## Assigned task
Repeat, exactly as written, the lines from the one with "Platziertem Pullover Mona" to the final line of the listing, and keep every picture out.

## The data
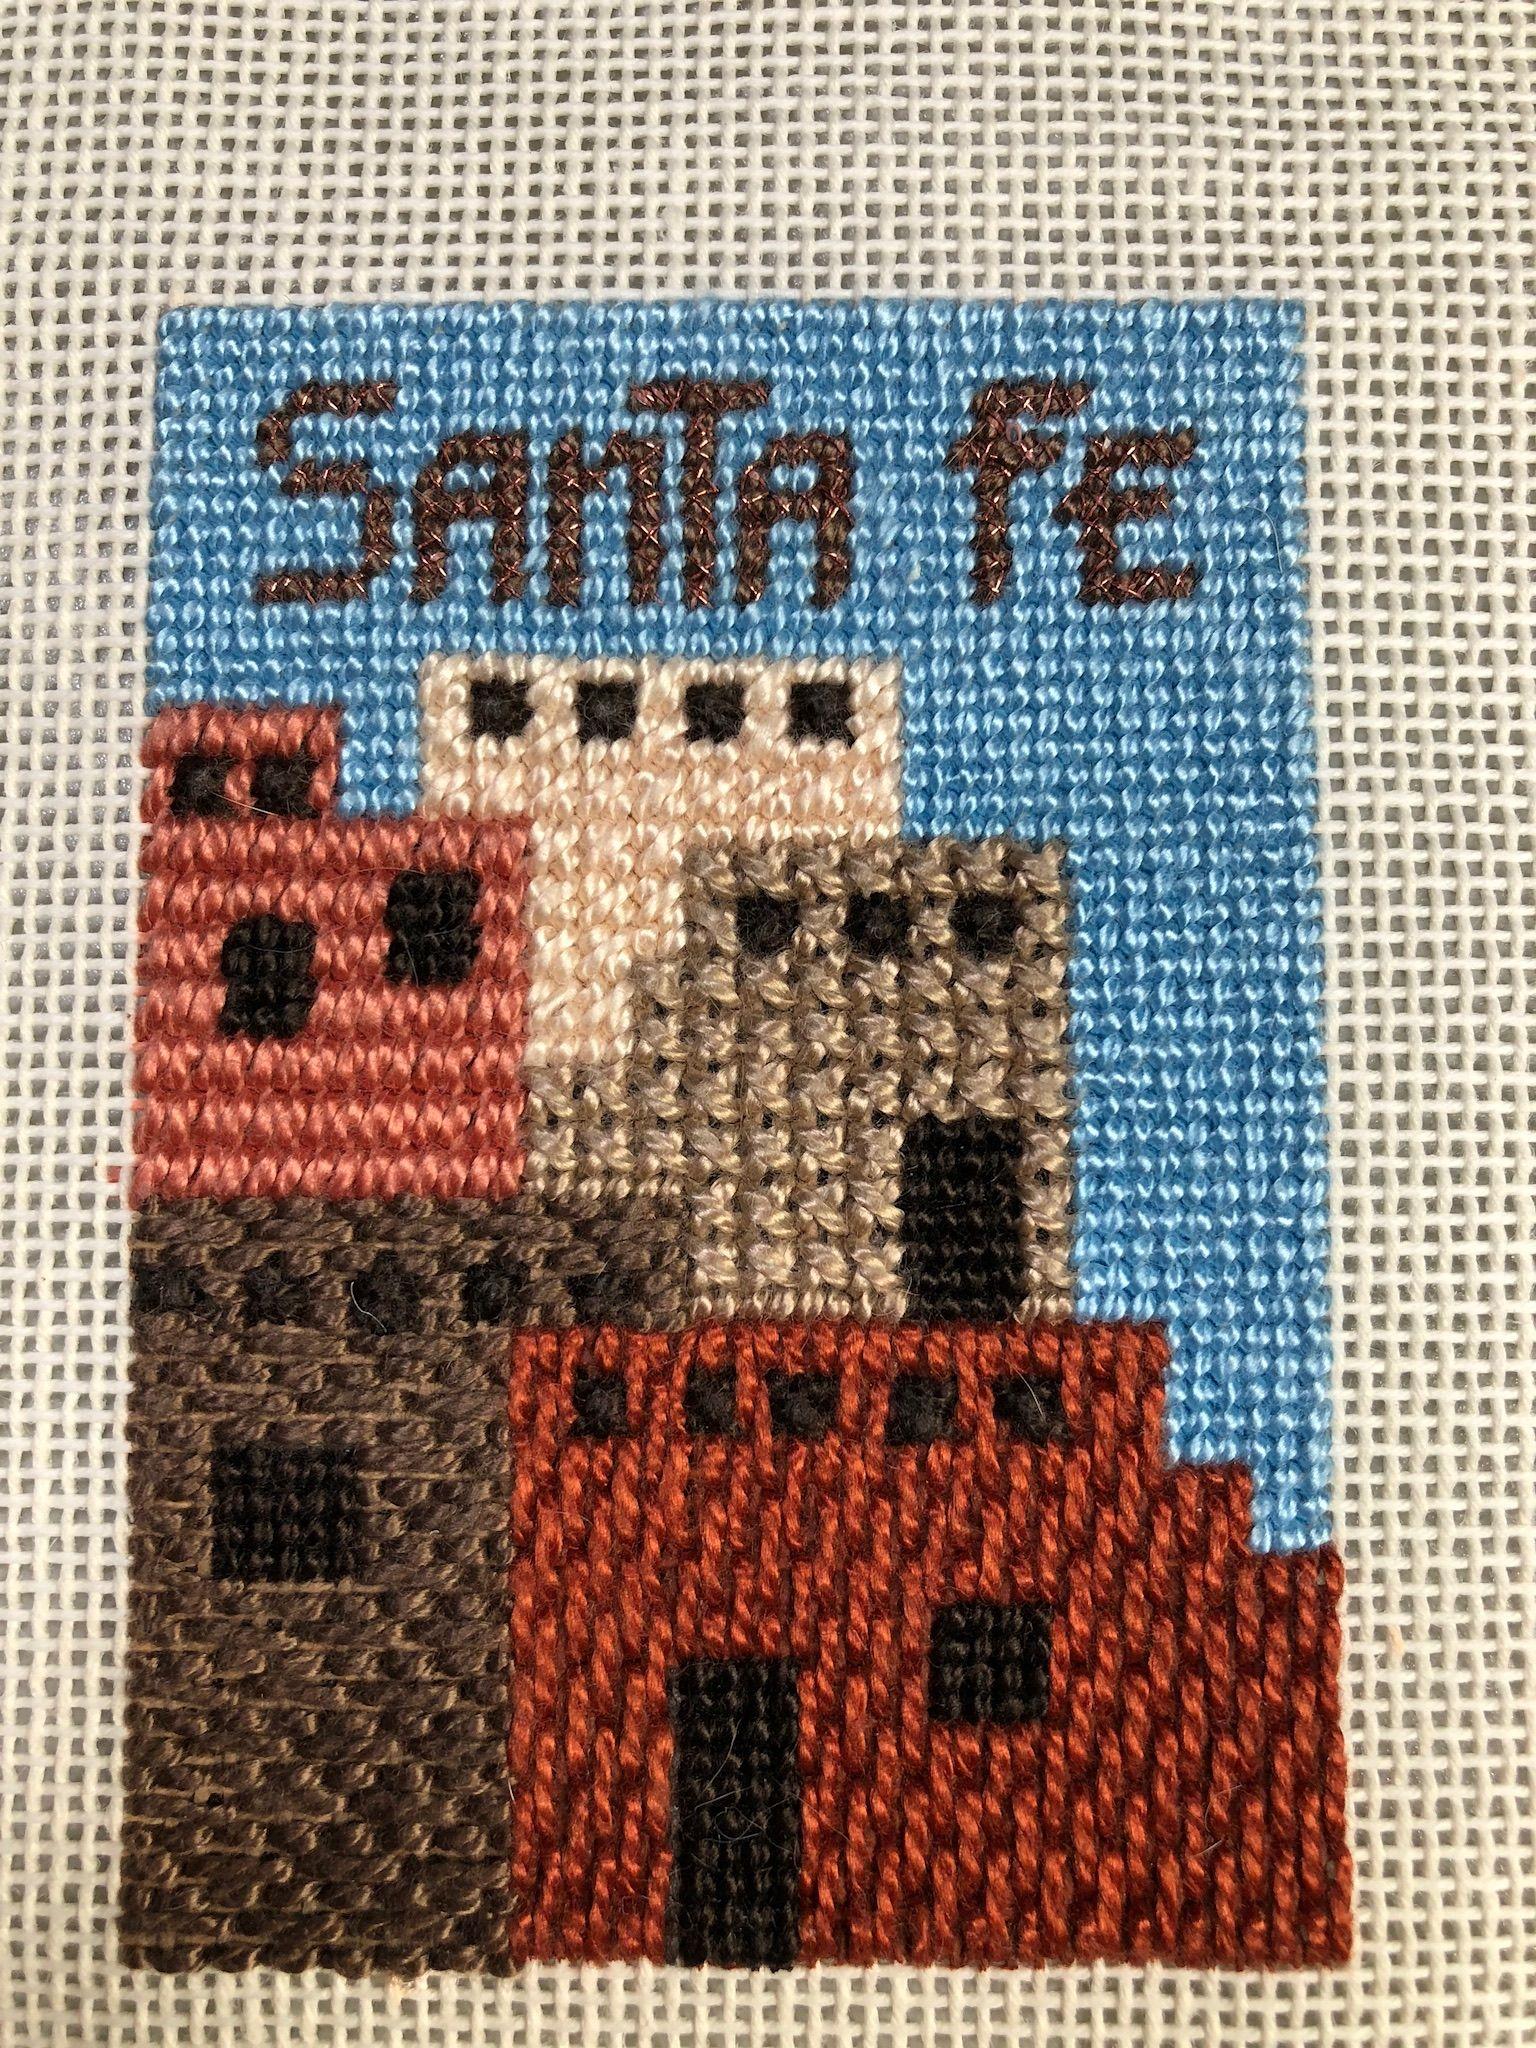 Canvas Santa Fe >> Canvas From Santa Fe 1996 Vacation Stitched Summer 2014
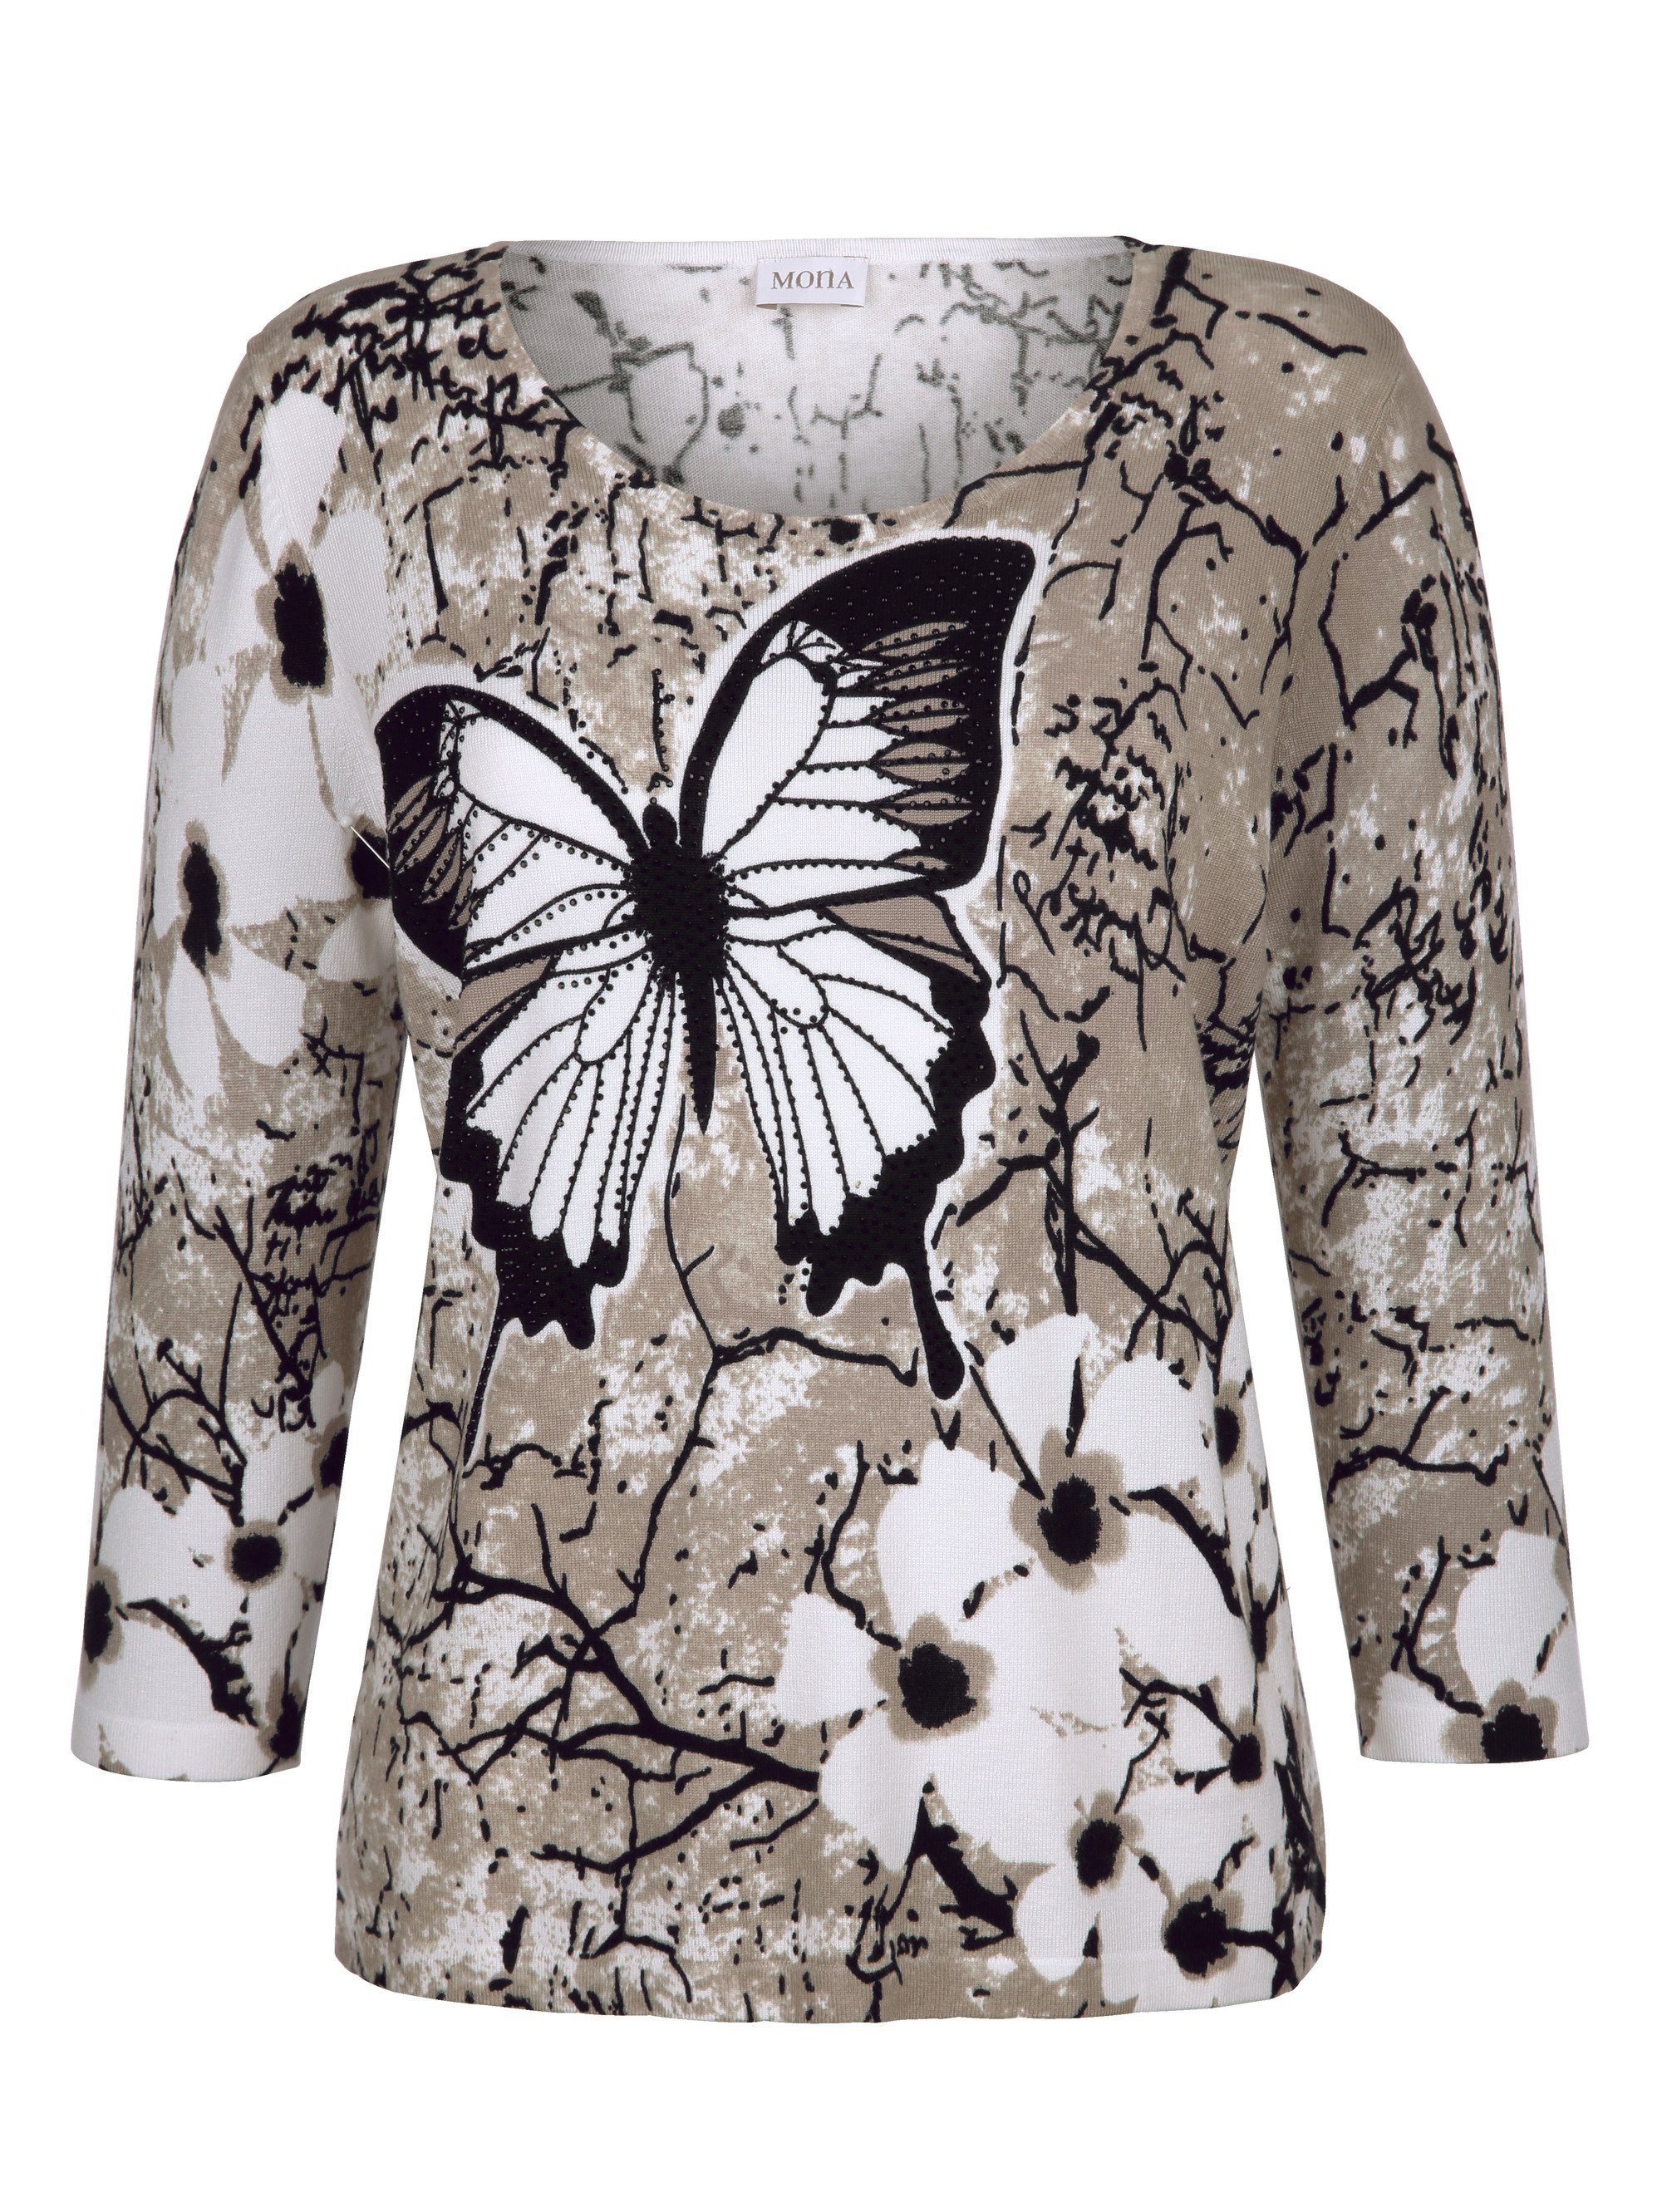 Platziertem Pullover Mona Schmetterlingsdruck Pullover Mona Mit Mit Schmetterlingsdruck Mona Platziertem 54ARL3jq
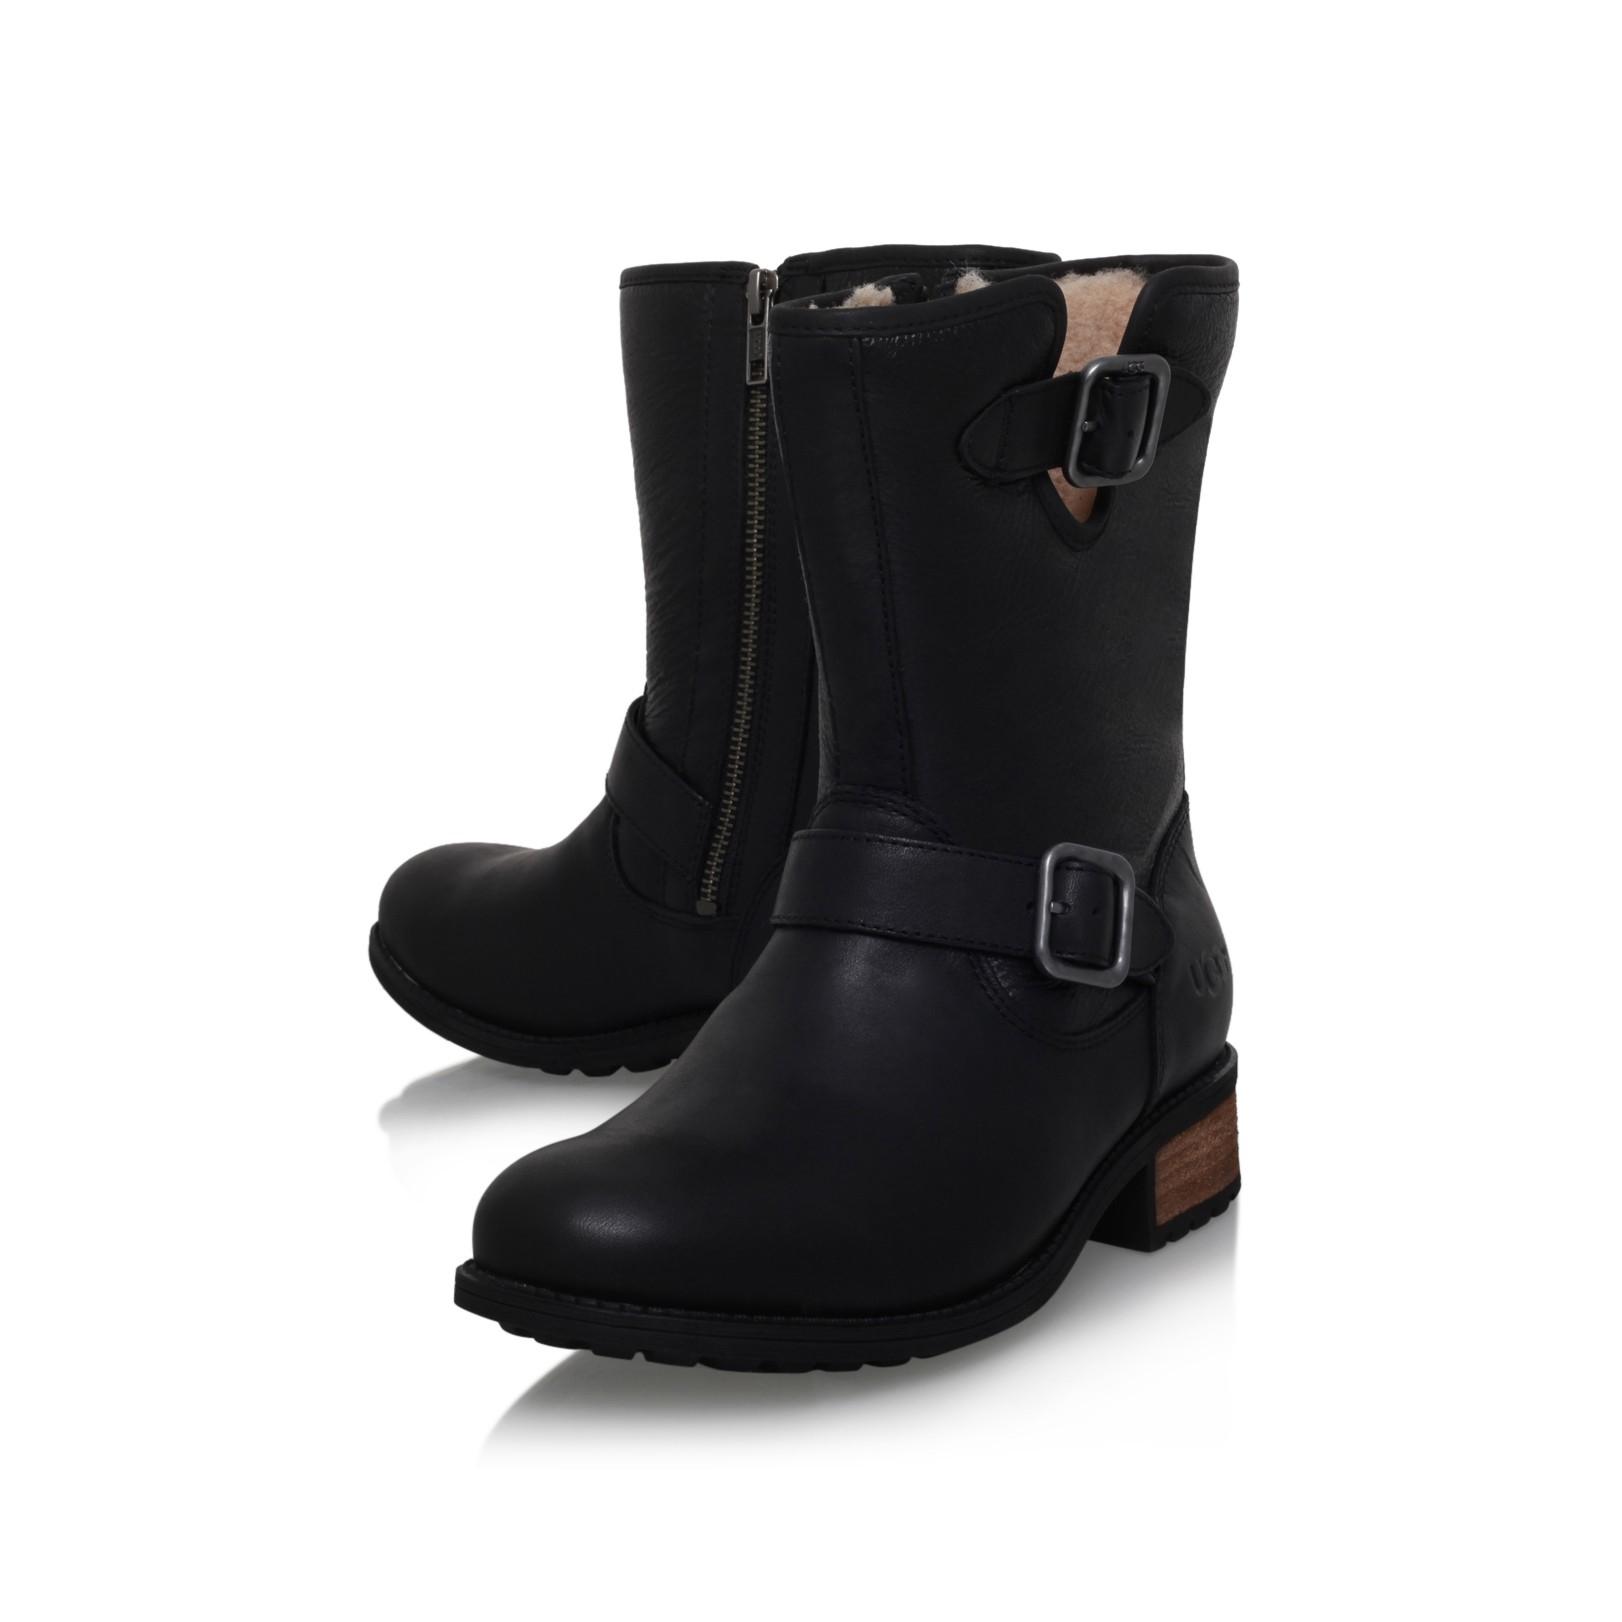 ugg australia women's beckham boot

## Your response
 Platziertem Pullover Mona Schmetterlingsdruck Pullover Mona Mit Mit Schmetterlingsdruck Mona Platziertem 54ARL3jq
 ugg australia women's beckham boot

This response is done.